Violet, whilst being a hit with Del Rey’s fanbase, has received mixed reviews in the media, with three stars from the Telegraph. Critics have oft-cited Del Rey’s tendency for clichés as the collection’s main shortcoming, as she draws from generic binaries for some lines, like the ‘broken record’ in ‘SportCruiser’ and the misspelled ‘ying to my yang’ in ‘Land of 1000 Fires.’ 

One of Violet’s most fruitfully explored concepts, however, is water, for which Del Rey draws on a rich poetic trope of water being synonymous with danger. ‘Bare Feet on Linoleum’ modernises this image, calling on Sylvia Plath’s ‘watery grave’ and referring to Amy Winehouse as ‘in deep.’ Del Rey’s speaker is desperate to keep her head above the water, and, although Plath didn’t actually drown, another great female writer, Virginia Woolf, did. Del Rey’s allusion to Winehouse complicates the image, as both struggled with alcoholism.  Whereas in ‘Land of 1000 Fires’ Del Rey states ‘my early days … beckoned me towards high sea cliffs’, Del Rey makes clear in ‘My Bedroom is a Sacred Place Now’’ that ‘I haven’t been drunk for 14 years’.

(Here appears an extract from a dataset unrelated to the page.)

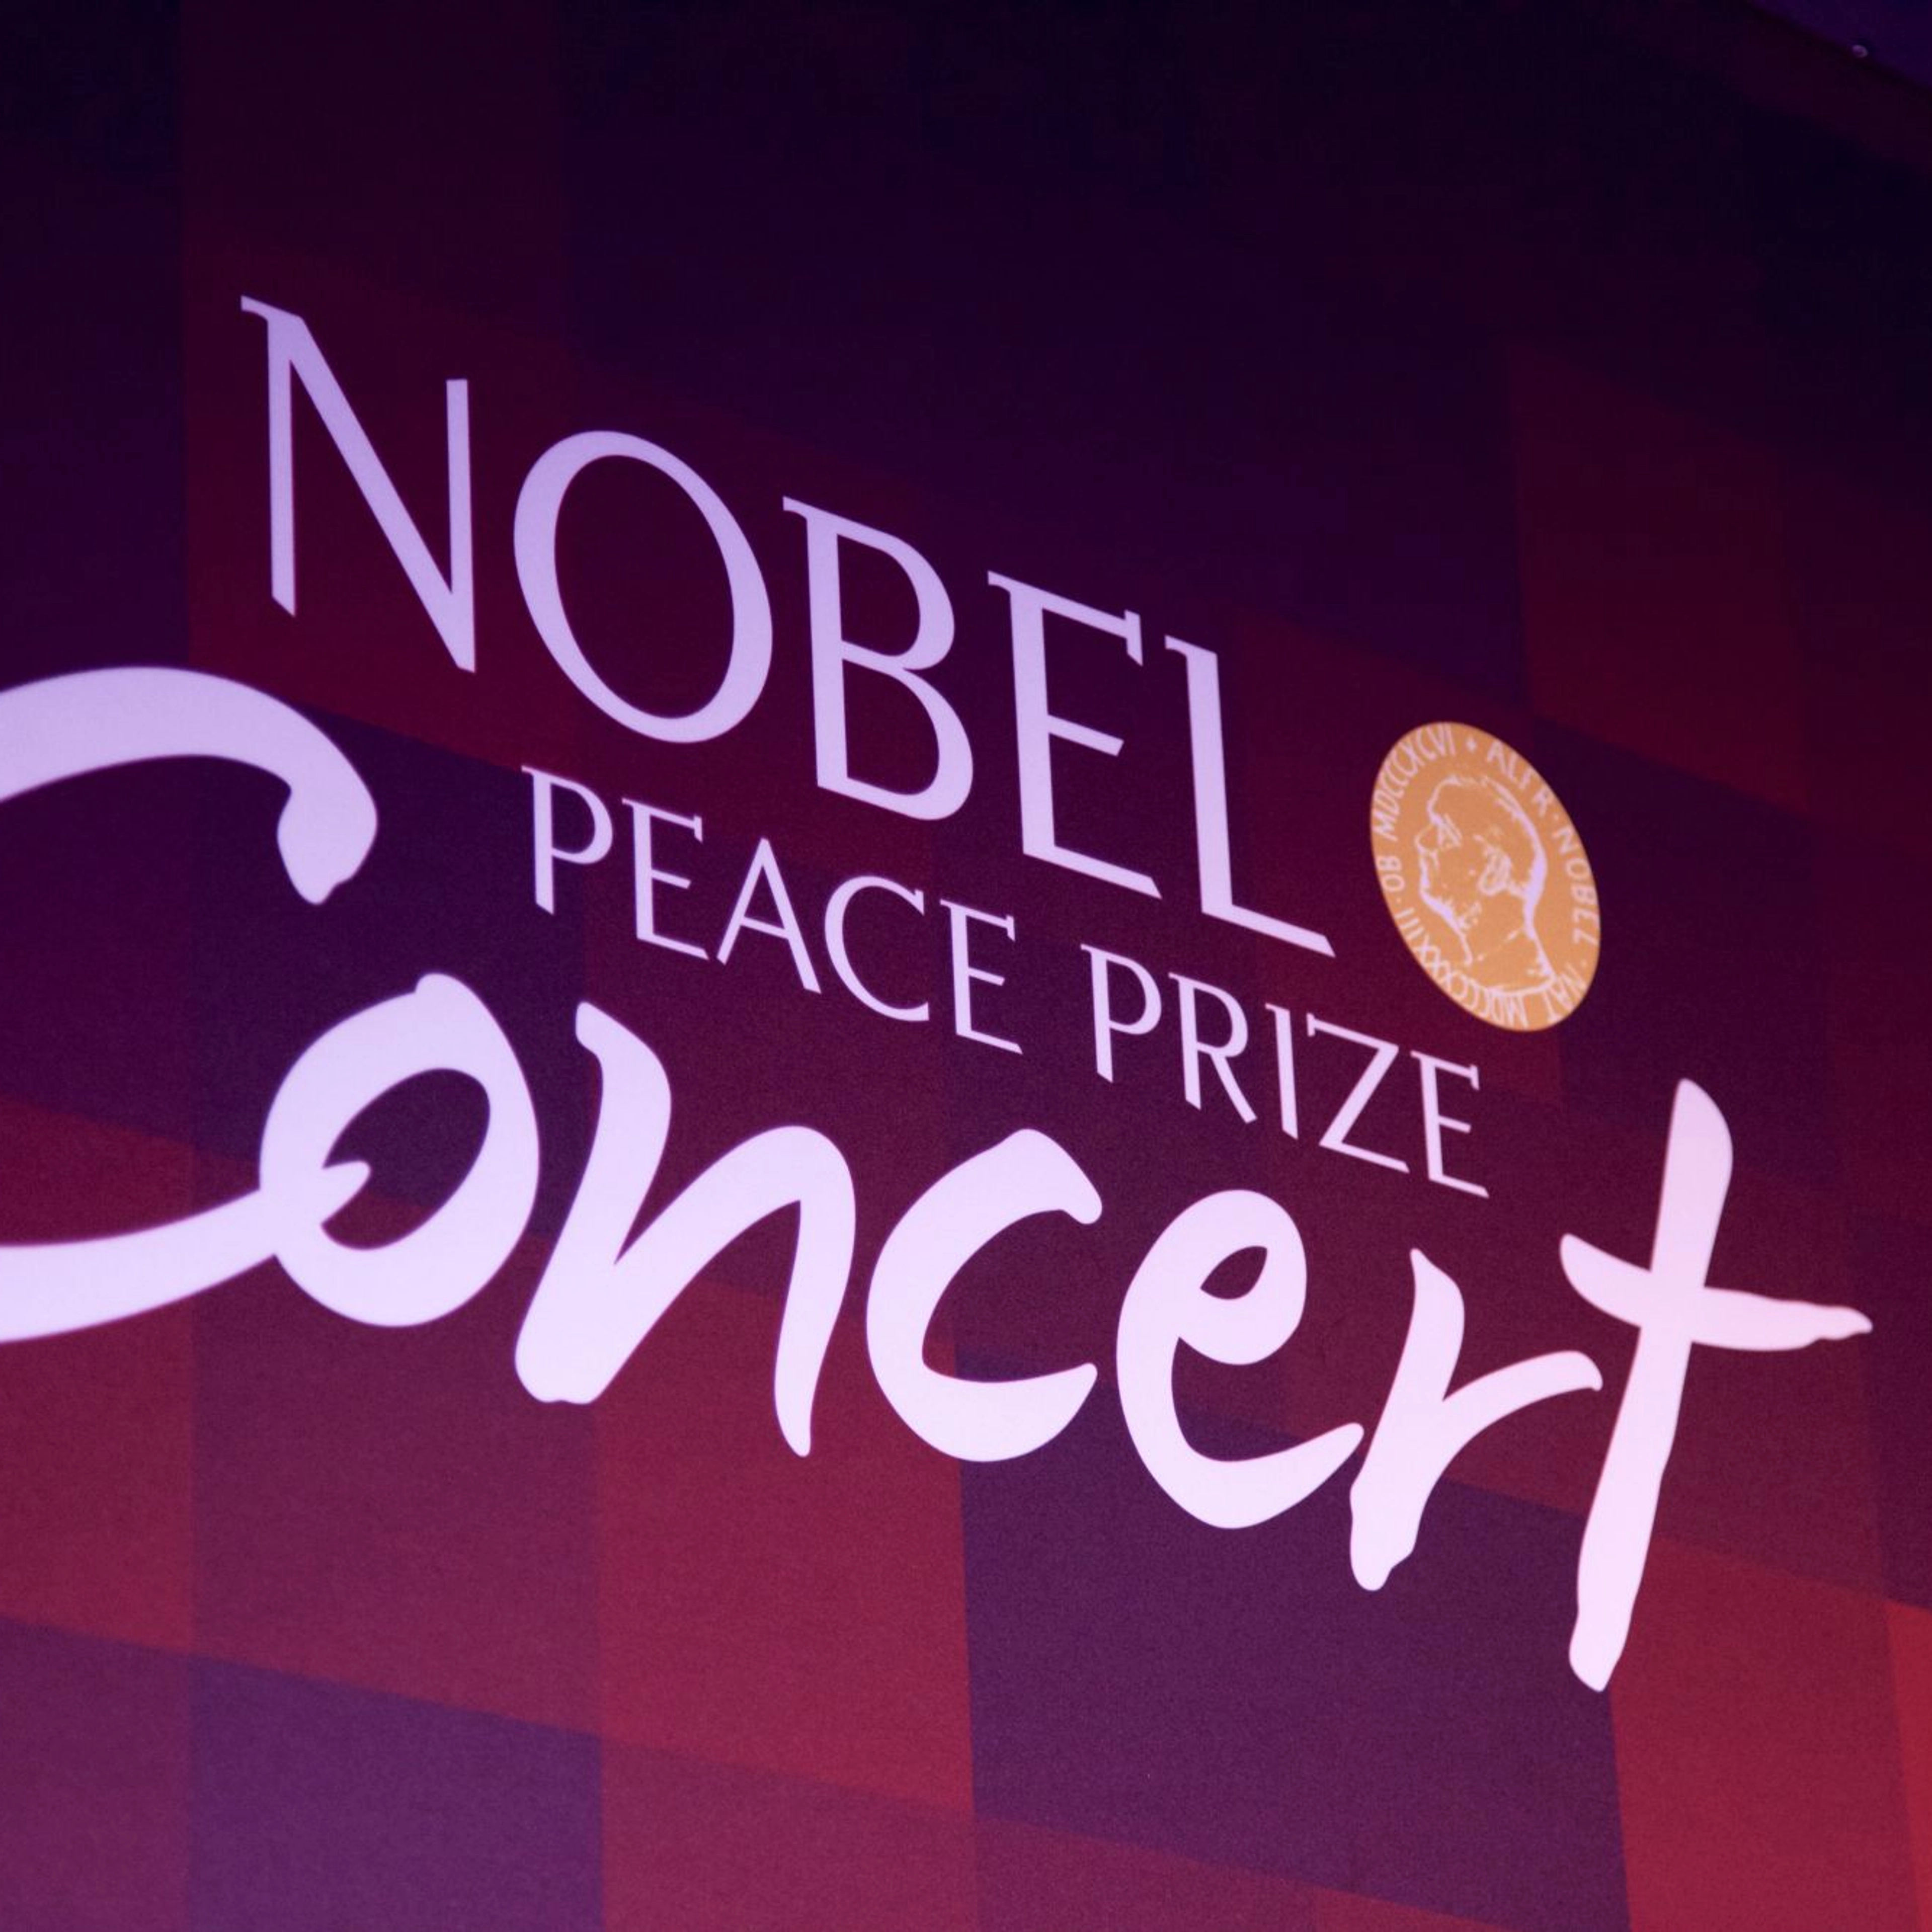 Nobel Peace Price - Oslo, Norway

Del Rey’s imagery calls to mind Coleridge’s ‘The Rime of the Ancient Mariner’, particularly as NFR! included a song entitled ‘Mariner’s Apartment Complex’. In ‘The Rime’, there was ‘Water, water, every where, / Nor any drop to drink’. Del Rey explores the notion that she cannot afford to drink, i.e. “go under”, an idea reinforced in ‘Never to Heaven’ by the wish that ‘may my eyes always stay level to the skyline.’

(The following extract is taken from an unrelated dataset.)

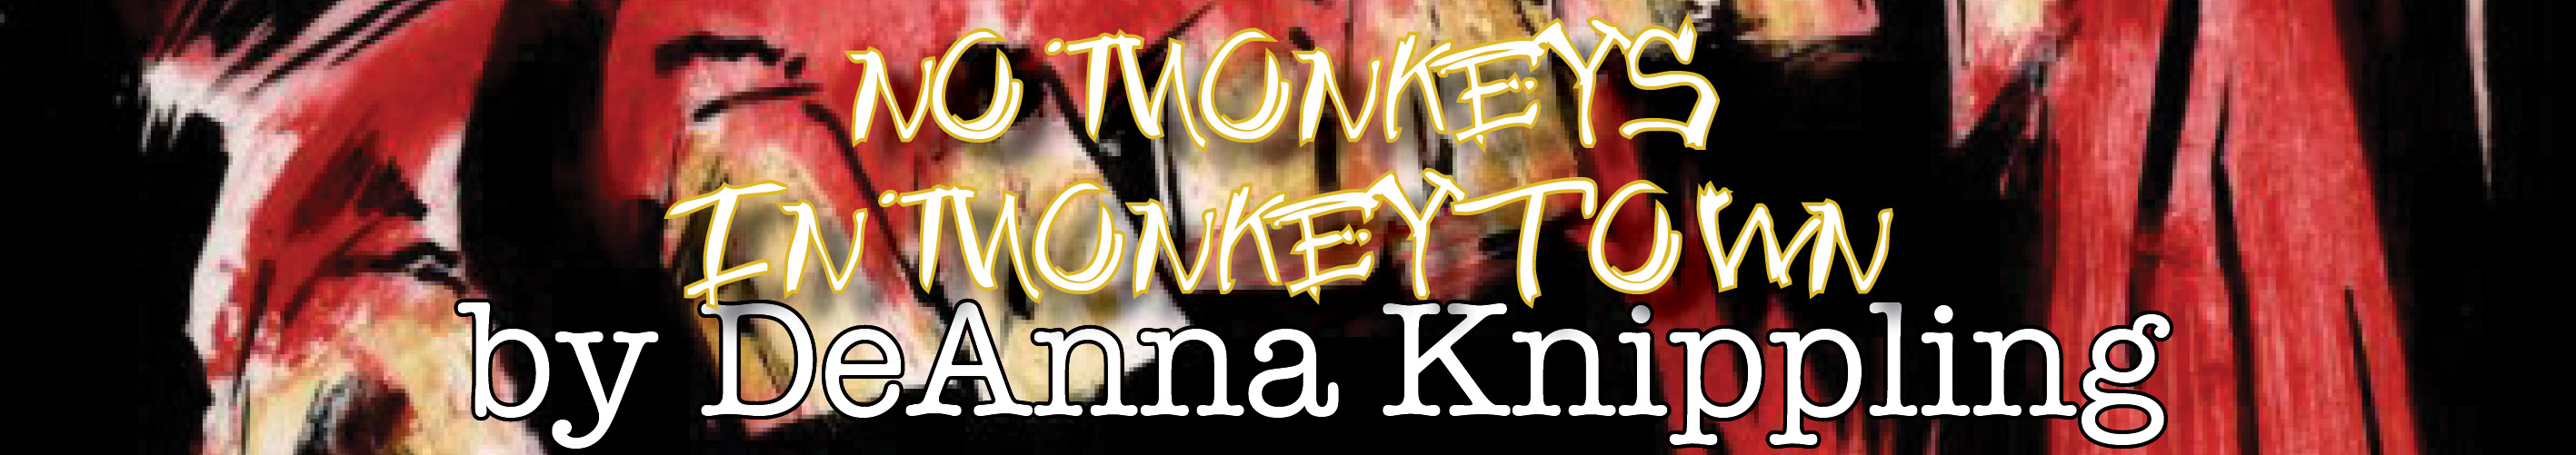 no monkeys in monkeytown

At times, Del Rey overwrites, unpacking the poem in-situ rather than allowing her reader to interpret. Lines like ‘my heart is very fragile’ are superfluous and attempt to overshadow the originality of lines like ‘in my veins you run citrus’.  

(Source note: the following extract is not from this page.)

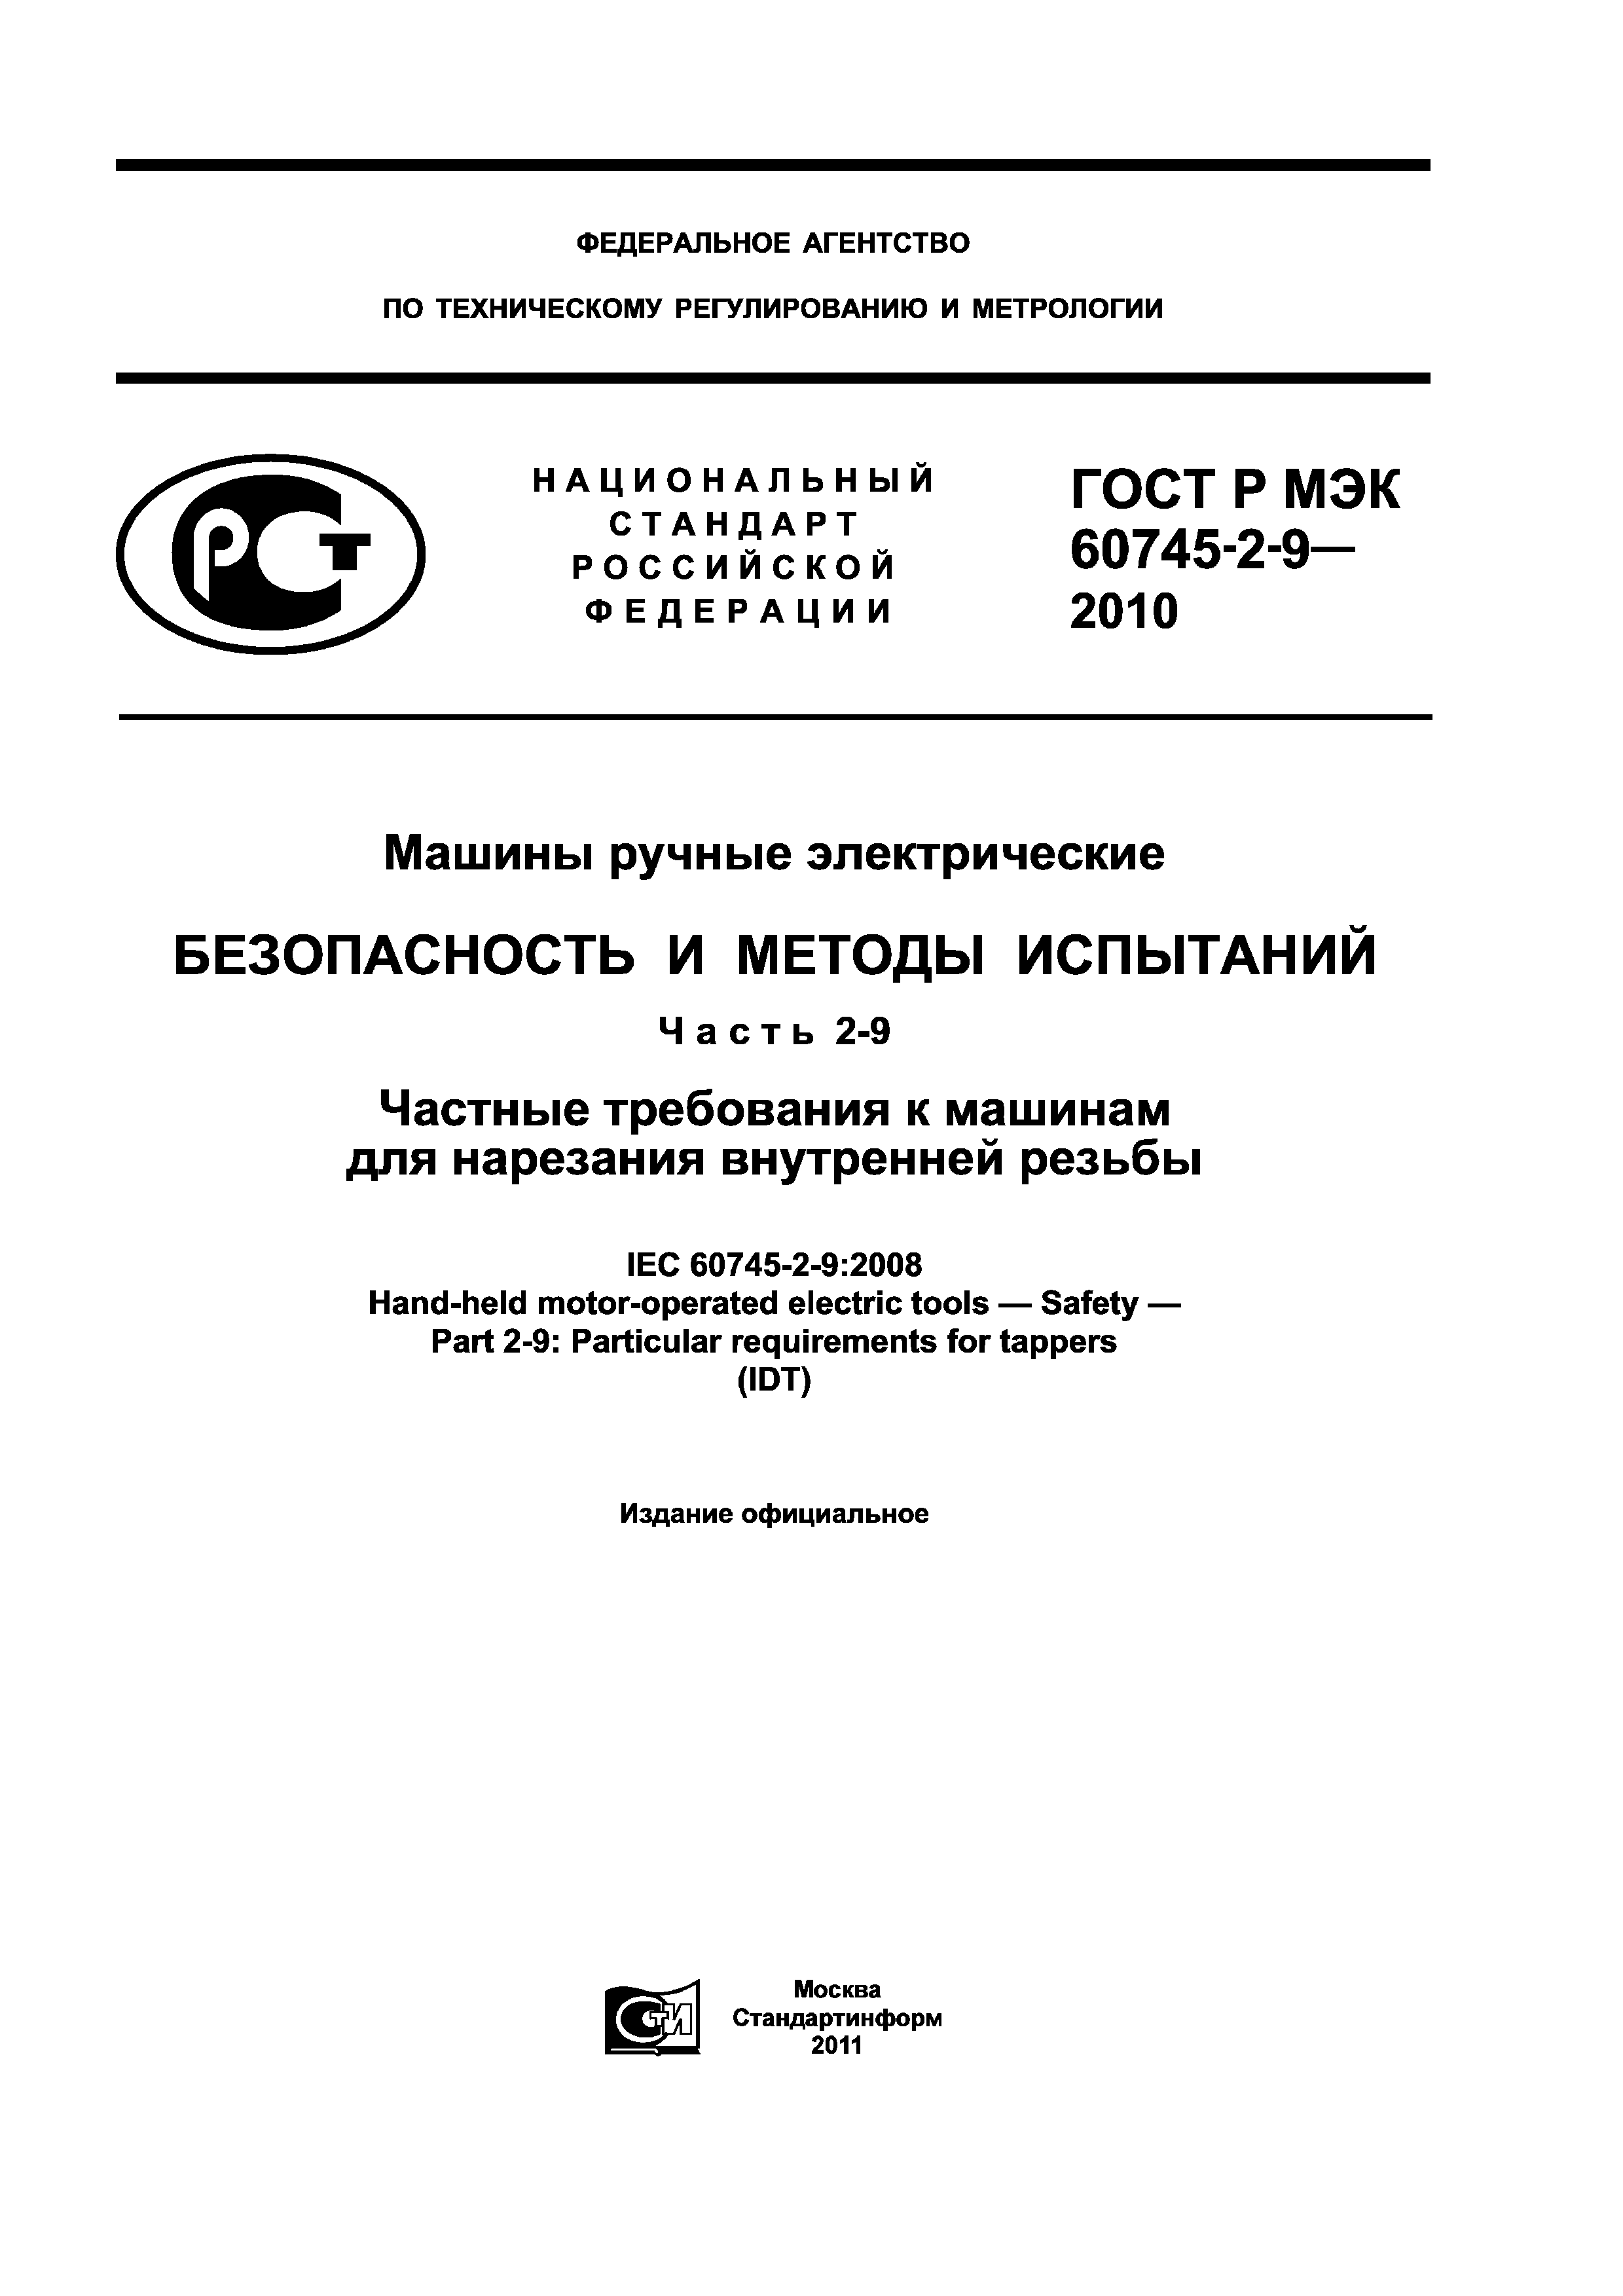 ГОСТ Р МЭК 60745-2-9-2010

Violet is more self-referential than Del Rey’s previous works, which in the past called on Whitman, Ginsberg, and Eliot in order to make claims of literariness. The metatextuality of Violet is evident throughout in lines which echo earlier lyrics and song titles. One of the collection’s most interesting, and arguably its most self-indulgent poems, ‘Past the Bushes Cypress Thriving’, is addressed to ‘you in the mirror’. In a Narcissus-esque poem to herself, Del Rey echoes an earlier song, ‘how to disappear’, in supposing that ‘you just want to disappear.’

The dense imagery in ‘Past the Bushes' contradicts the notion of disappearing, instead making use of short stanzas, and vivid language, full of the colours of the ‘phoenix’, ‘Georgia peaches’, and ‘green and winding’ road. The short lines and rhymes come in painterly swathes, each working on top of the previous image like impasto oil paint, creating a surplus of images which, rather than over-clarifying like some of Violet’s other poems, raise more questions than it answers.

All in all, Violet makes for an interesting read – or listen – but could have done with some heavy editing. Poetry is, by its nature and its readership, less forgiving than pop music. Nevertheless, Violet reminds readers that Del Rey is one of the most versatile and consistently surprising lyricists of the moment.